Library Abuse or Slow Compilation Times
foresttoney opened this issue · 1 comments
I am migrating an old service that communicates with an external platform via FTP / txt files. Because I have to parse these txt files, I thought this library would be more appropriate than just pattern matching on the byte offsets. At any rate, I wrote a handful of combinators and my tests already eclipse the 10 second compilation warning. Here is a representative sample the test and implementation:
test "parse_file_header_record" do
file_header_record =
"02000011697978 TEST 100720OYTKK F030000000 1 "
|> POA.parse_file_header_record()
assert file_header_record ==
{:ok,
[
%{
record_code: 2,
sequence_number: 1,
file_source: "1697978",
file_source_name: "TEST",
creation_date: ~D[2010-07-20],
ecu: "OYTKK",
filename: "",
version: "F03",
destination: "0000000",
type: "1"
}
], "", %{}, {1, 0}, 80}
end
// example of combinator defined in ParserUtils that is reused for multiple record types
def parse_record_code(x) do
string(x)
|> map({String, :to_integer, []})
|> unwrap_and_tag(:record_code)
|> label("record_code to be an integer")
end
defparsec(
:parse_file_header_record,
empty()
|> concat(ParserUtils.parse_record_code("02"))

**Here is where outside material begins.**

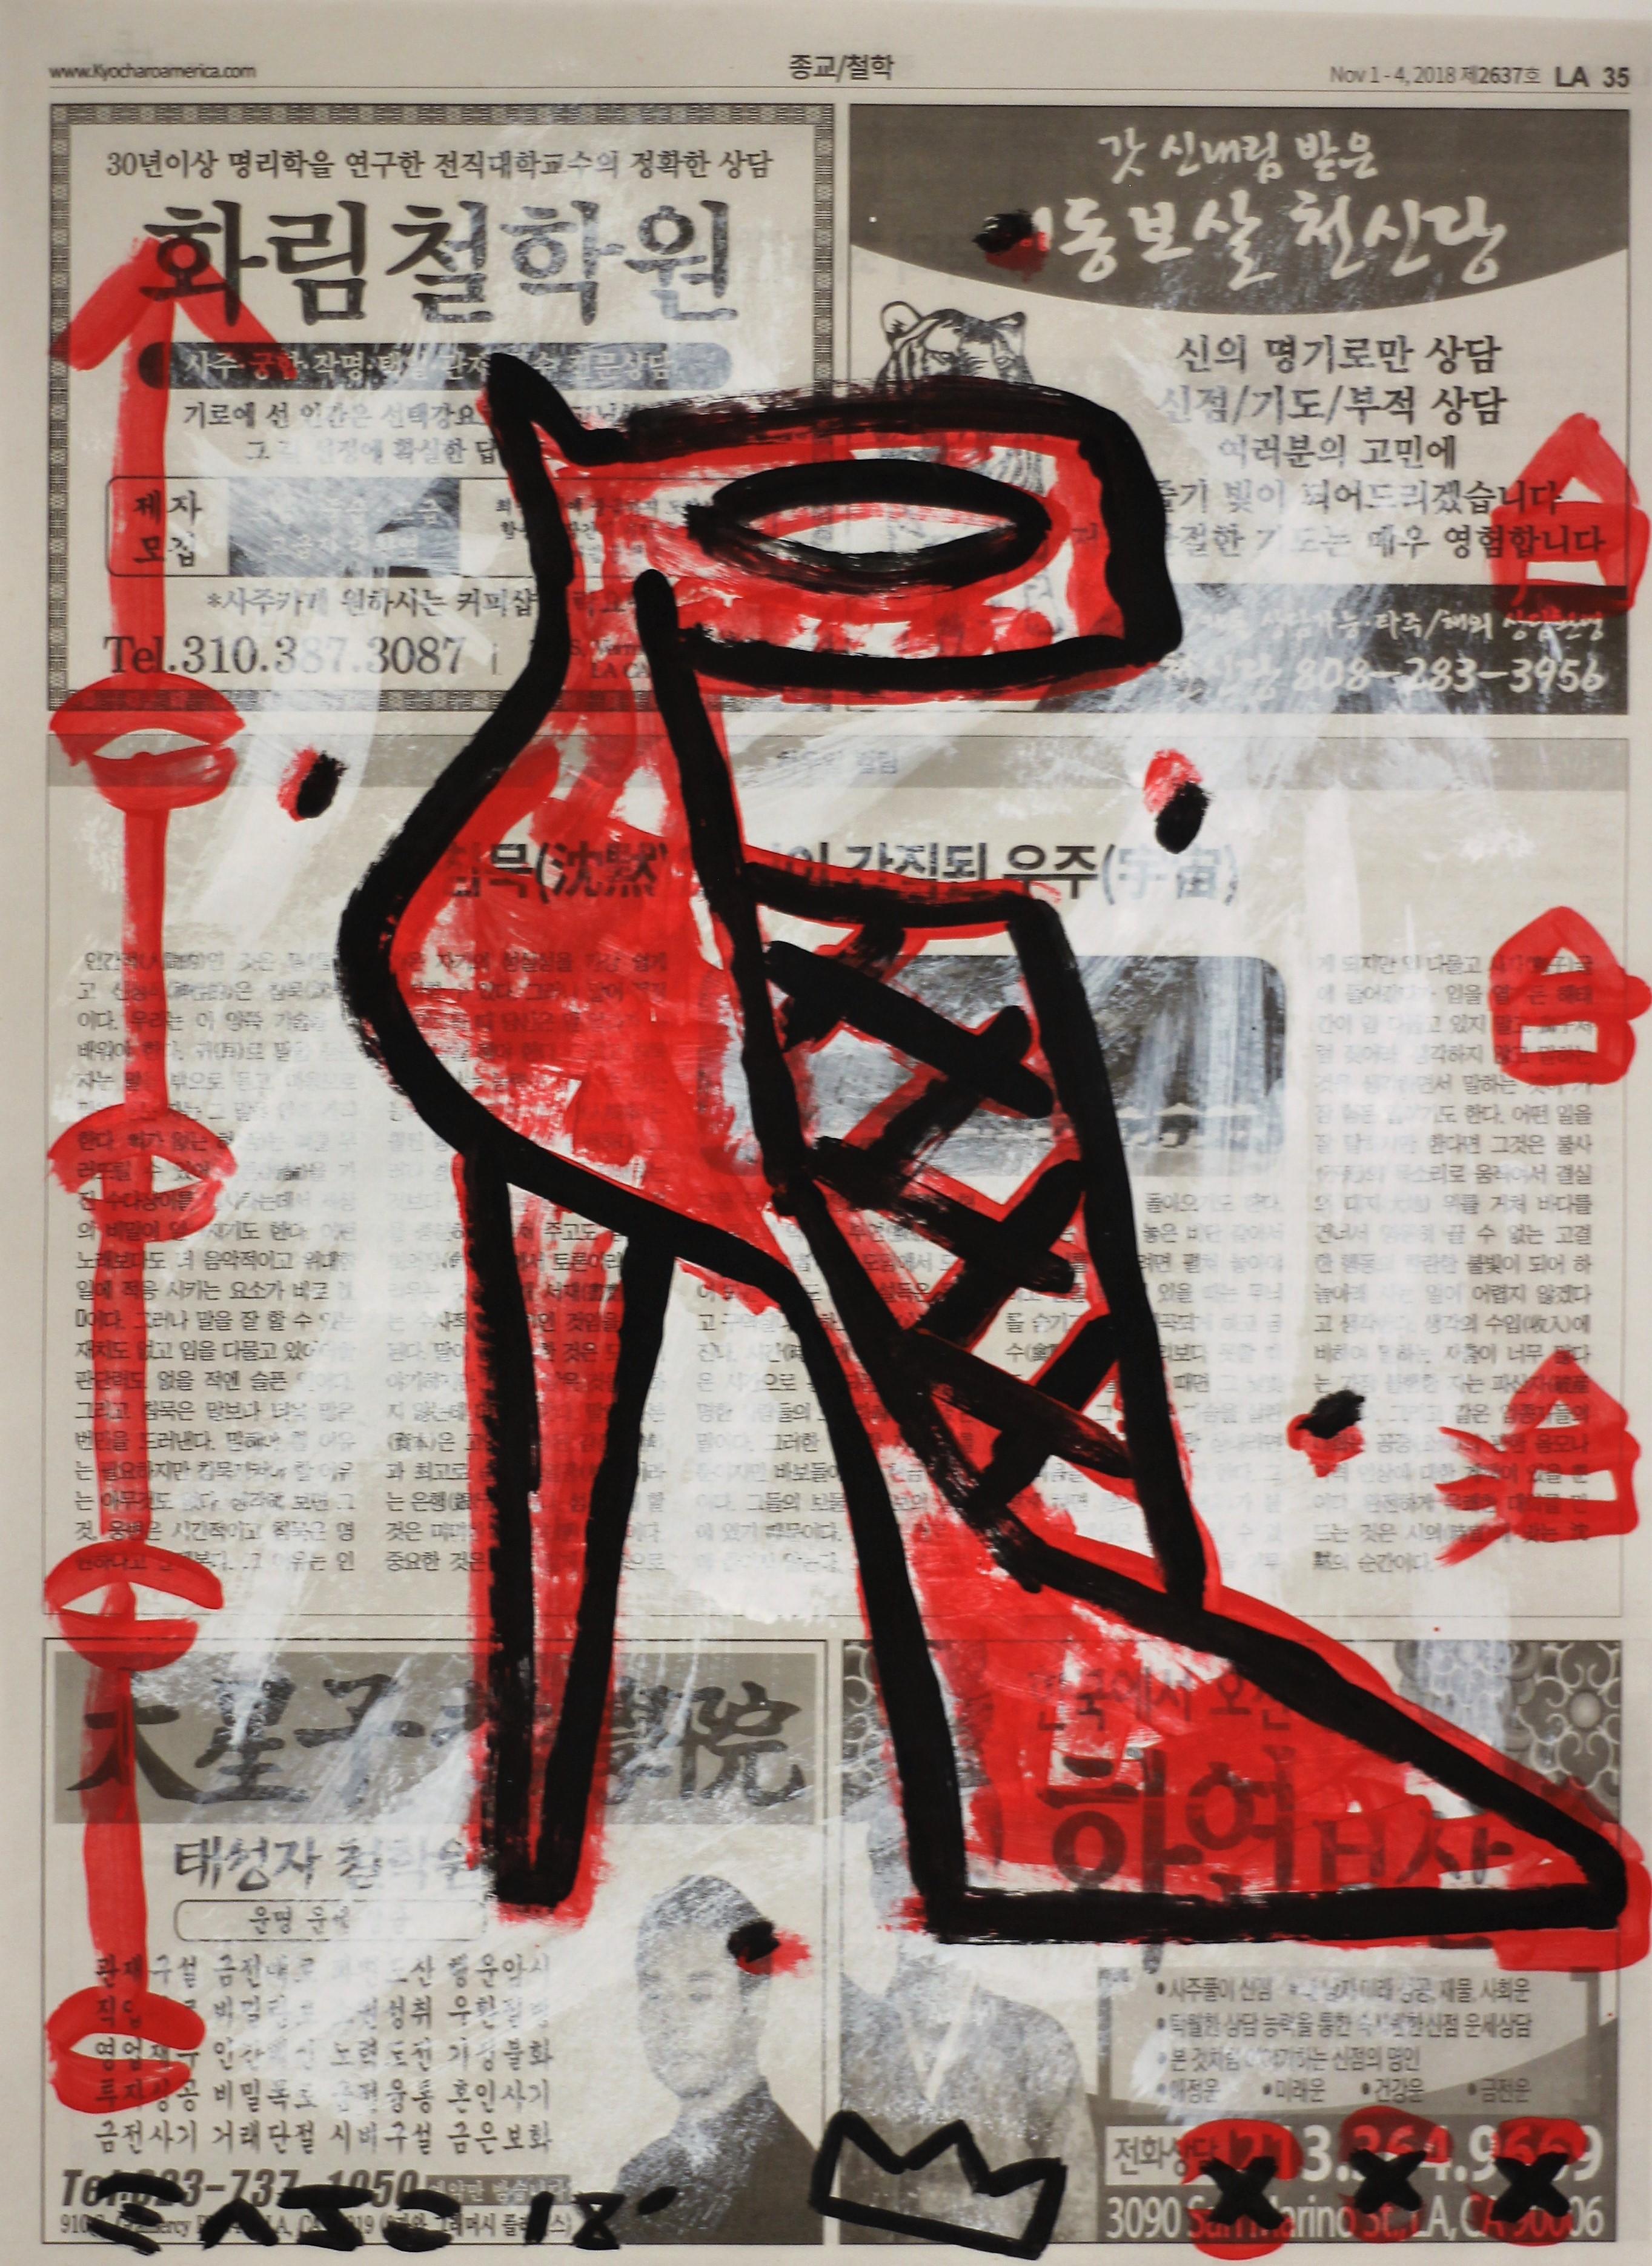 Gary John Figurative Painting - My Dream Shoe - Black and Red Stiletto Original Street Art on Newsprint

|> concat(ParserUtils.parse_sequence_number())
|> concat(ParserUtils.parse_file_source())
|> ignore(ParserUtils.parse_reserved(5))
|> concat(ParserUtils.parse_file_source_name())
|> concat(
ParserUtils.parse_yyMMdd()
|> unwrap_and_tag(:creation_date)
|> label("creation_date to be valid yyMMdd date")
)
|> concat(
utf8_string([], 5)
|> unwrap_and_tag(:ecu)
|> label("ecu to be 5 charachters")
)
|> concat(ParserUtils.parse_filename(17))
|> concat(ParserUtils.parse_version())
|> concat(
utf8_string([], 7)
|> unwrap_and_tag(:destination)
|> label("destination to be 7 charachters")
)
|> ignore(ParserUtils.parse_reserved(5))
|> concat(ParserUtils.parse_type())
|> ignore(ParserUtils.parse_reserved(4))
|> eos()
|> reduce({Enum, :into, [%{}]})
)
I spent a bit of time with the debug: true
dump and the inline is quite large and nested. As an example:
(
line =
(
line =
(
line =
(
line =
(
line =
(
line =
(
line =
(
line =
(
line =
(
line =
(
line =
(
line =
(
line =
(
line =
(
line =
(
line =
(
line =
(
line =
(
line =
(
line =
(
line =
(
line =
comb__line
case x5 do
10 ->
{elem(
line,
0
) +
1,
comb__offset +
7 +
byte_size(
<<x5::utf8>>
)}
_ ->
line
end
)
case x6 do
10 ->
{elem(
line,
0
) + 1,
comb__offset +
7 +
byte_size(
<<x5::utf8>>
) +
byte_size(
<<x6::utf8>>
)}
_ ->
line
end
) ...
My question is whether I am abusing the library (incorrectly constructing combinators or using it outside the intended purpose) or if there is a larger performance issue with the inlining.
Correct. nimble_parsec is about code generation, so you may end-up abusing it. You can use parsec
to encapsulate highly repetitive code or use other combinators for composition to avoid repetitive code.